Eventually the acc.u.mulating reaction tells. There comes exhaustion running, it may be, into illness caused by depletion; occasionally ending in death, and often entailing chronic weakness. She becomes, perhaps for a time, perhaps permanently, incapable of carrying on household affairs; her other children suffer from the loss of maternal attention; and where the income is small, payments for nurse and doctor tell injuriously on the whole family. Instance, again, what not unfrequently happens with the father. Similarly prompted by a high sense of obligation, and misled by current moral theories into the notion that self-denial may rightly be carried to any extent, he daily continues his office work for long hours regardless of hot head and cold feet; and debars himself from social pleasures, for which he thinks he can afford neither time nor money.
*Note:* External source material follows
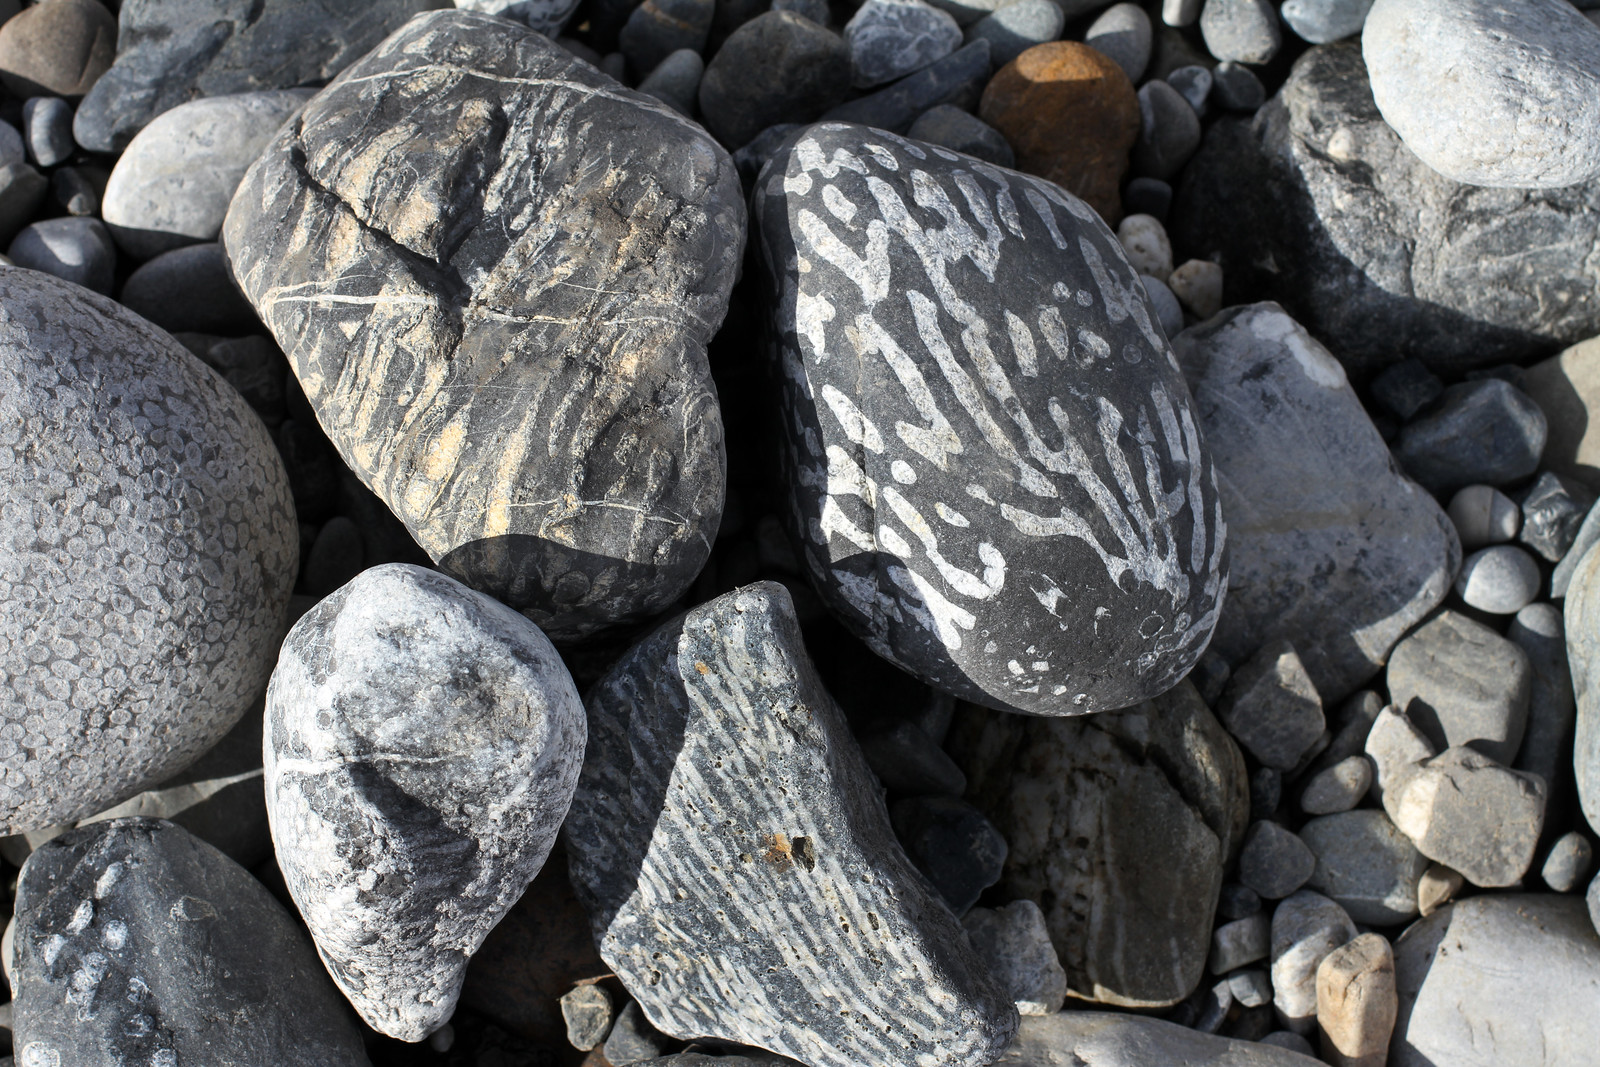 Photograph of dark gray, rounded stones on a beach with white fossils corals embedded in them. The corals mainly look like elongated white streaks or lines. In one case, the coral looks like closely packed white circles.
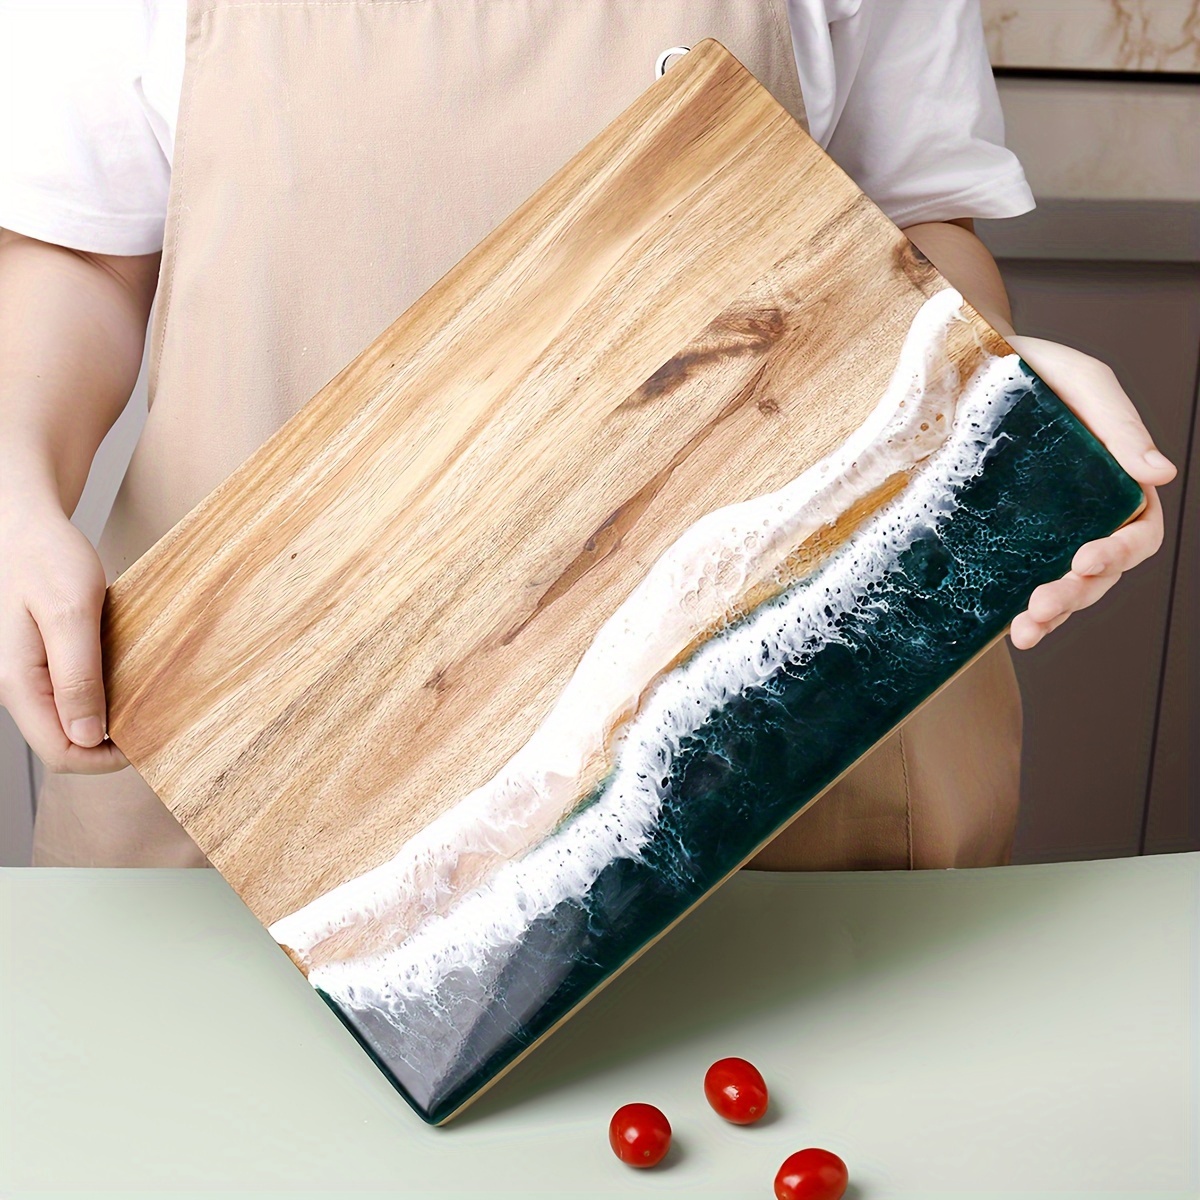 

Wave Resin Acacia Wood Cutting Board - 1pc Creative Wooden Chopping Board For Home Use - Food Contact Safe, Multipurpose Fruit And Vegetable Slicing Board With Unique Wave Design

What comes of this entirely unegoistic course?

Eventually a sudden collapse, sleeplessness, inability to work. That rest which he would not give himself when his sensations prompted he has now to take in long measure. The extra earnings laid by for the benefit of his family are quickly swept away by costly journeys in aid of recovery and by the many expenses which illness entails. Instead of increased ability to do his duty by his offspring there comes now inability. Lifelong evils on them replace hoped-for goods. And so is it, too, with the social effects of inadequate egoism. All grades furnish examples of the mischiefs, positive and negative, inflicted on society by excessive neglect of self. Now the case is that of a labourer who, conscientiously continuing his work under a broiling sun, spite of violent protests from his feelings, dies of sunstroke; and leaves his family a burden to the parish. Now the case is that of a clerk whose eyes permanently fail from overstraining, or who, daily writing for hours after his fingers are painfully cramped, is attacked with 'scrivener's palsy,' and, unable to write at all, sinks with aged parents into poverty which friends are called on to mitigate.